Ricerca e amianto, modello nazionale per l’Alessandrino
Riunione a Torino per il Comitato strategico. Il progetto ha assunto un respiro nazionale ed europeo con l'azienda ospedaliera del capoluogo che ha assunto il ruolo di capofila
Riunione a Torino per il Comitato strategico. Il progetto ha assunto un respiro nazionale ed europeo con l'azienda ospedaliera del capoluogo che ha assunto il ruolo di capofila
SANITA’ – Il progetto di ricerca sul mesotelioma diventa un modello di riferimento nazionale, contribuendo a consolidare nello stesso tempo l’altro progetto avviato nei mesi scorsi ad Alessandria per il riconoscimento di Irccs (Istituto di ricovero e cura a carattere scientifico) per l’ospedale del capoluogo. L’ultima novità è arrivata dalla riunione del Comitato strategico amianto alla presenza degli assessori regionali alla Sanità, Antonio Saitta, e all’Ambiente, Alberto Valmaggia, del direttore dell’azienda ospedaliera ‘Santi Antonio e Biagio e Cesare Arrigo’ di Alessandria, Giovanna Baraldi, del direttore dell’Asl Al, Gilberto Gentili, del responsabile del Centro sanitario amianto del Piemonte, Massimo D’Angelo, del sindaco di Casale, Titti Palazzetti in qualità di presidente. Hanno partecipato anche i rappresentanti delle associazioni delle vittime dell’amianto, dell’Arpa e dei sindacati. “Gli obiettivi – hanno spiegato al termine – sono stati puntati su un progetto di respiro nazionale ed europeo che funga da modello per lo studio del mesotelioma, attraverso investimenti sulla ricerca pre-clinica che permettano di conoscere le cause della malattia e individuare nuovi farmaci e nuove terapie”.

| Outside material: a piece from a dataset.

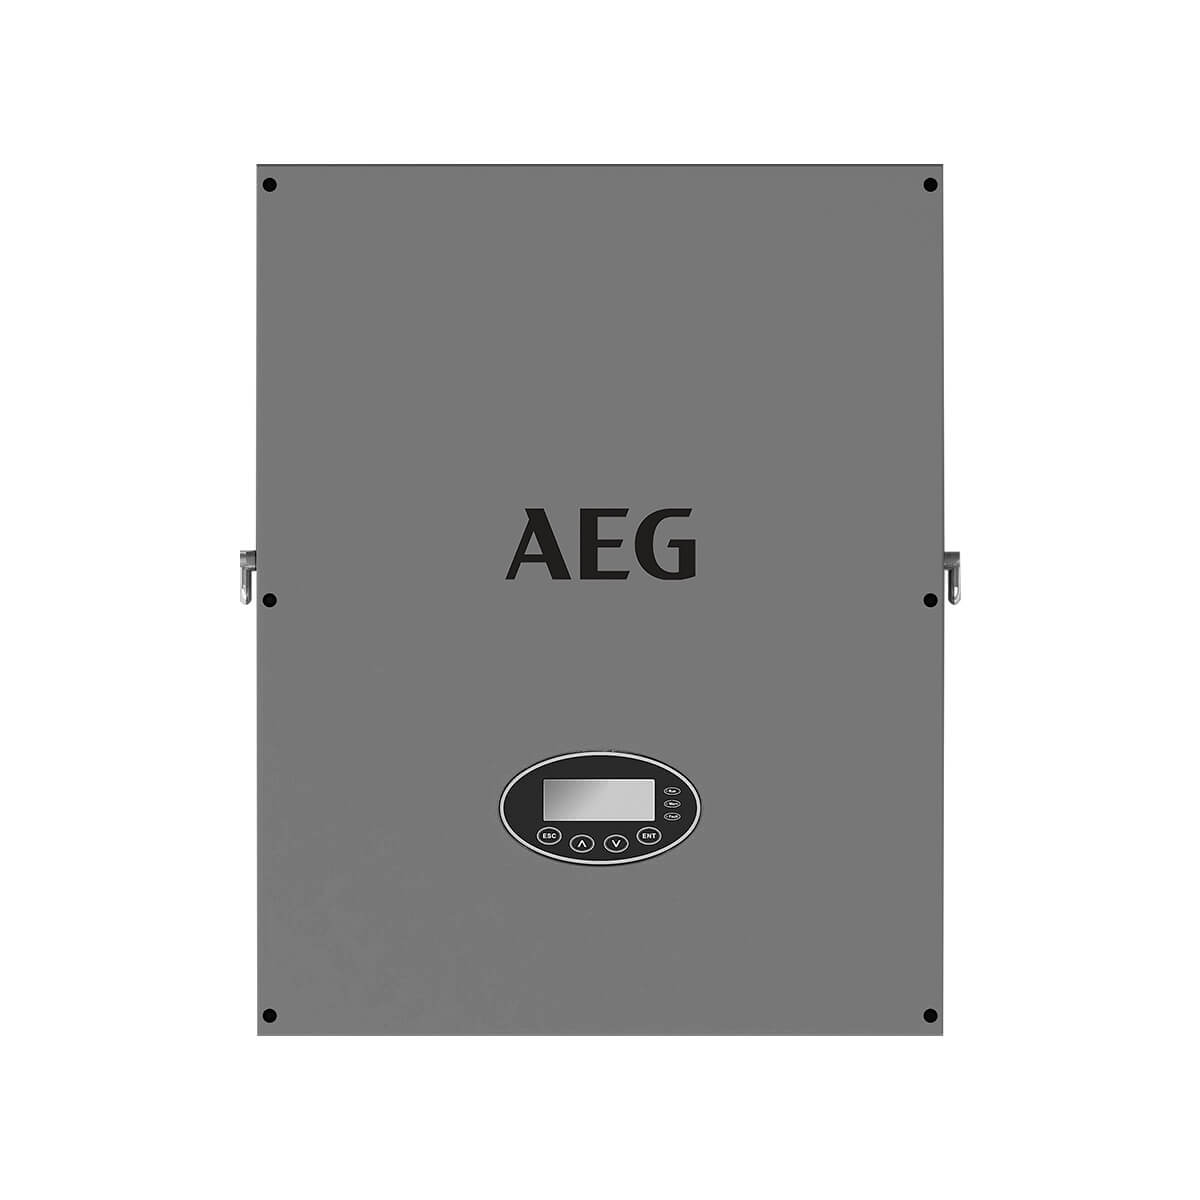 aeg 40kW inverter, aeg as-ic01 40kW inverter, aeg as-ic01-40000-2 inverter, aeg as-ic01-40000-2, aeg as-ic01 40kW

Il progetto voluto dall’Associazione familiari vittime amianto può contare su un finanziamento di 3,8 milioni di euro e sarà gestito dall’azienda ospedaliera di Alessandria come capofila. È previsto il coinvolgimento dell’Università degli Studi di Torino con il dipartimento di Oncologia di cui fanno parte gli istituti di ricerca del San Luigi di Orbassano, di Candiolo e delle Molinette. L’Università di Torino affiancherà le istituzioni già coinvolte, l’Istituto di ricerche farmacologiche Mario Negri, l’Istituto scientifico romagnolo per la studio e la cura dei tumori, il Dipartimento di Medicina traslazionale e il Dipartimento di Scienze della salute dell’Università del Piemonte orientale. “All’interno di questa revisione del piano – hanno sottolineato Saitta e Valmaggia – la Regione individuerà un garante scientifico della ricerca, con il compito di assicurare la funzionalità e la coerenza di tutte le attività”.